Evan had taken Marianne’s hand—she wasn’t sure just when. There was nothing romantic in the hand-clasp, nor anything sexual. Evan, twenty-five years her junior and discreetly gay, was a friend, an ally, the only other evolutionary biologist in the department and the only one who shared Marianne’s cynical sense of humor. “Or so we thought,” they said to each other whenever any hypothesis proved wrong. Or so we thought . . . His fingers felt warm and reassuring around her suddenly icy ones.
“Why am I going to New York?”
“I’m afraid we can’t tell you that. But it is a matter of national security.”
“Me? What possible reason—?”
Special A
gent Katz almost, but not quite, hid his impatience at her questions. “I wouldn’t know, ma’am. My orders are to escort you to UN Special Mission Headquarters in Manhattan.”
Marianne looked at her gaping colleagues, at the wide-eyed grad students, at Dr. Curtis, who was already figuring how this could be turned to the advantage of the university. She freed her hand from Evan’s, and managed to keep her voice steady.
“Please excuse me, Dr. Curtis, Dean. It seems I’m needed for something connected with . . . with the aliens.”
NOAH
One more time, Noah Jenner rattled the doorknob to the apartment. It felt greasy from too many unwashed palms, and it was still locked. But he knew that Emily was in there. That was the kind of thing he was always, somehow, right about. He was right about things that didn’t do him any good.
“Emily,” he said softly through the door, “please open up.”
Nothing.
“Emily, I have nowhere else to go.”
Nothing.
“I’ll stop, I promise. I won’t do sugarcane ever again.”

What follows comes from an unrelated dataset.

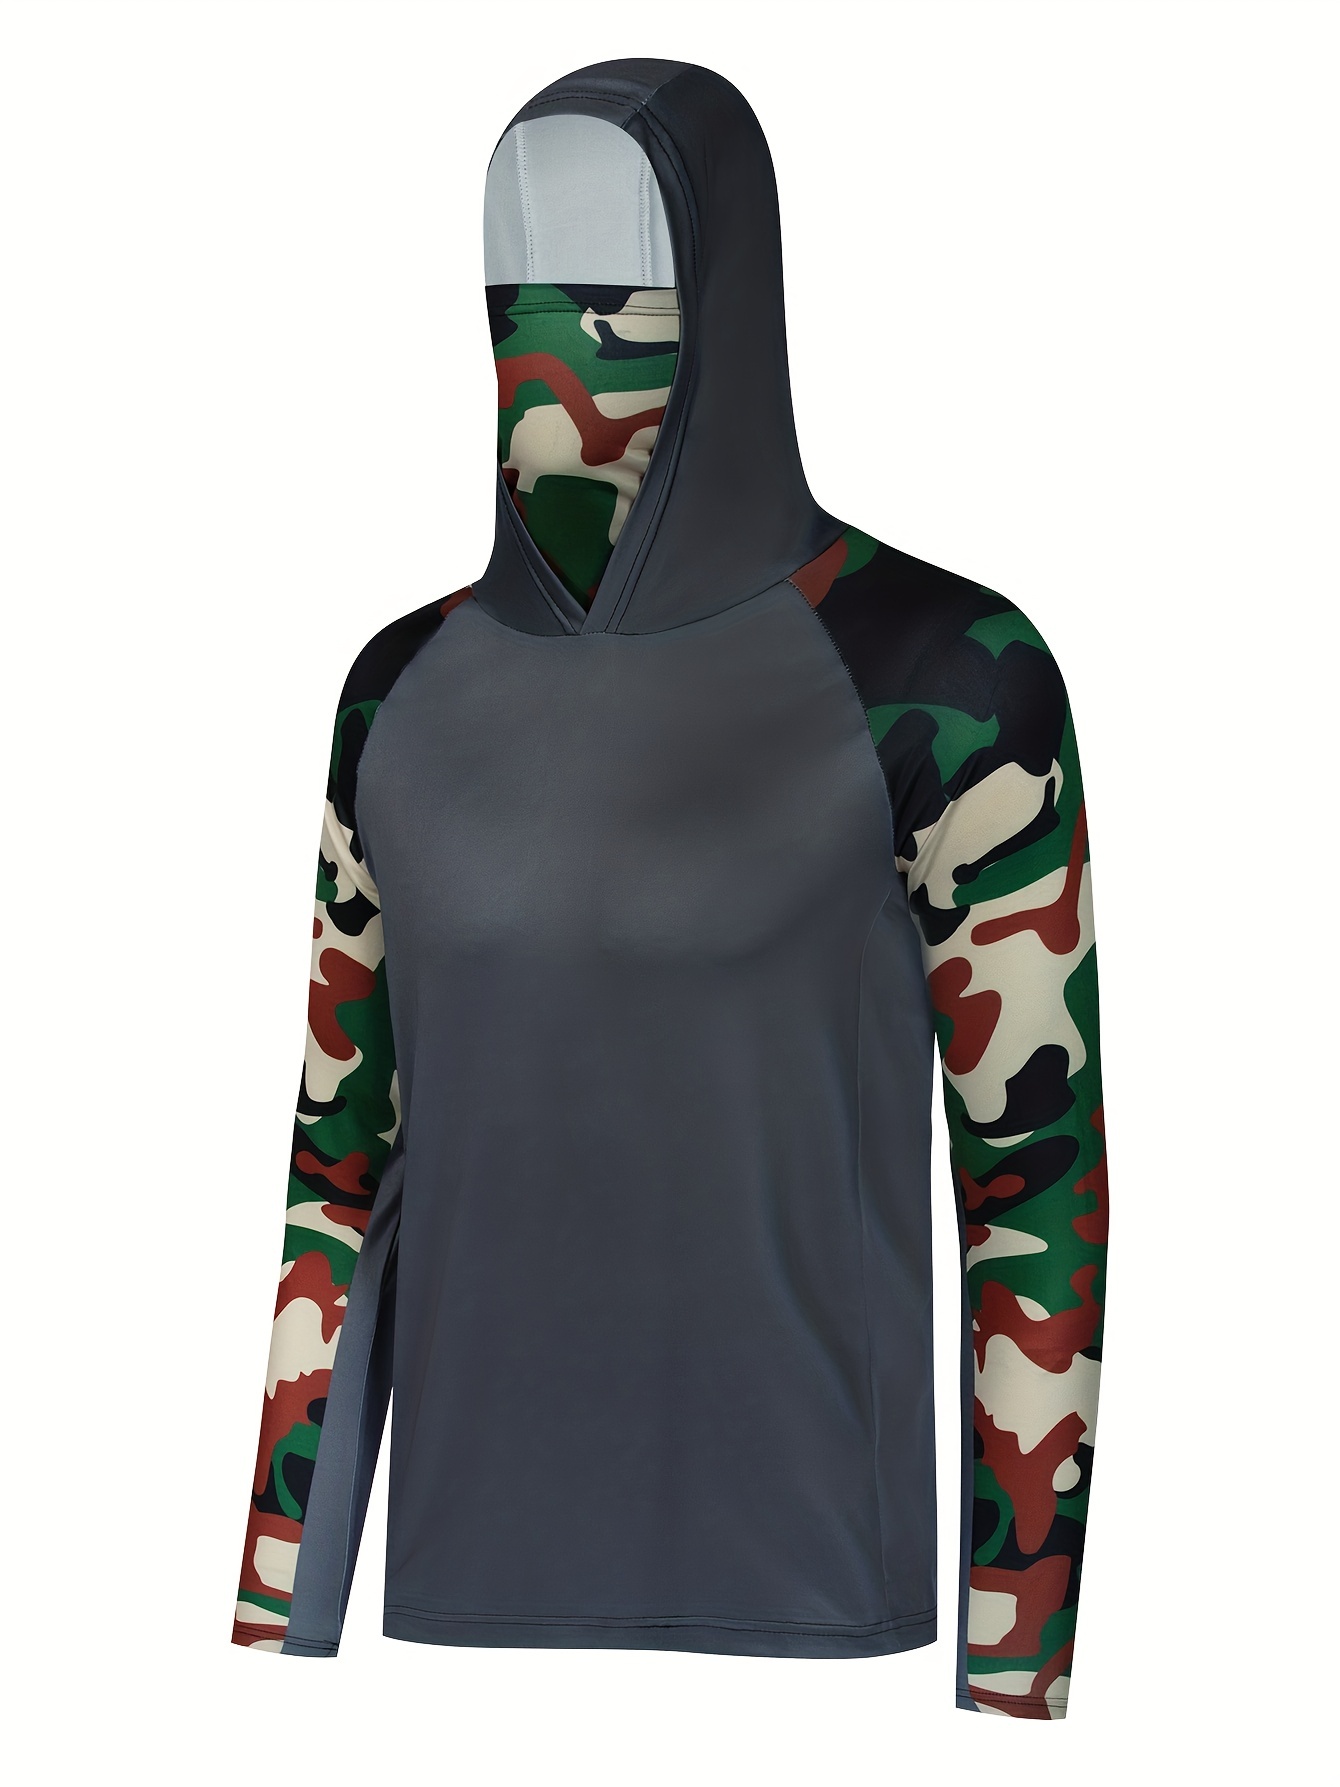 Men's Raglan Sleeve With Camouflage Pattern Hoodie With Mask, Anti-UV Sunscreen Sun Protection Fishing Shirt Breathable Quick Dry Hooded Fishing

The door opened a crack, chain still in place, and Emily’s despairing face appeared. She wasn’t the kind of girl given to dramatic fury, but her quiet despair was even harder to bear. Not that Noah didn’t deserve it. He knew he did. Her fair hair hung limply on either side of her long, sad face. She wore the green bathrobe he liked, with the butterfly embroidered on the left shoulder.
“You won’t stop,” Emily said. “You can’t. You’re an addict.”
“It’s not an addictive drug. You know that.”
“Not physically, maybe. But it is for you. You won’t give it up. I’ll never know who you really are.”
“I—”
“I’m sorry, Noah. But—go away.” She closed and relocked the door.
Noah stood slumped against the dingy wall, waiting to see if anything else would happen. Nothing did. Eventually, as soon as he mustered the energy, he would have to go away.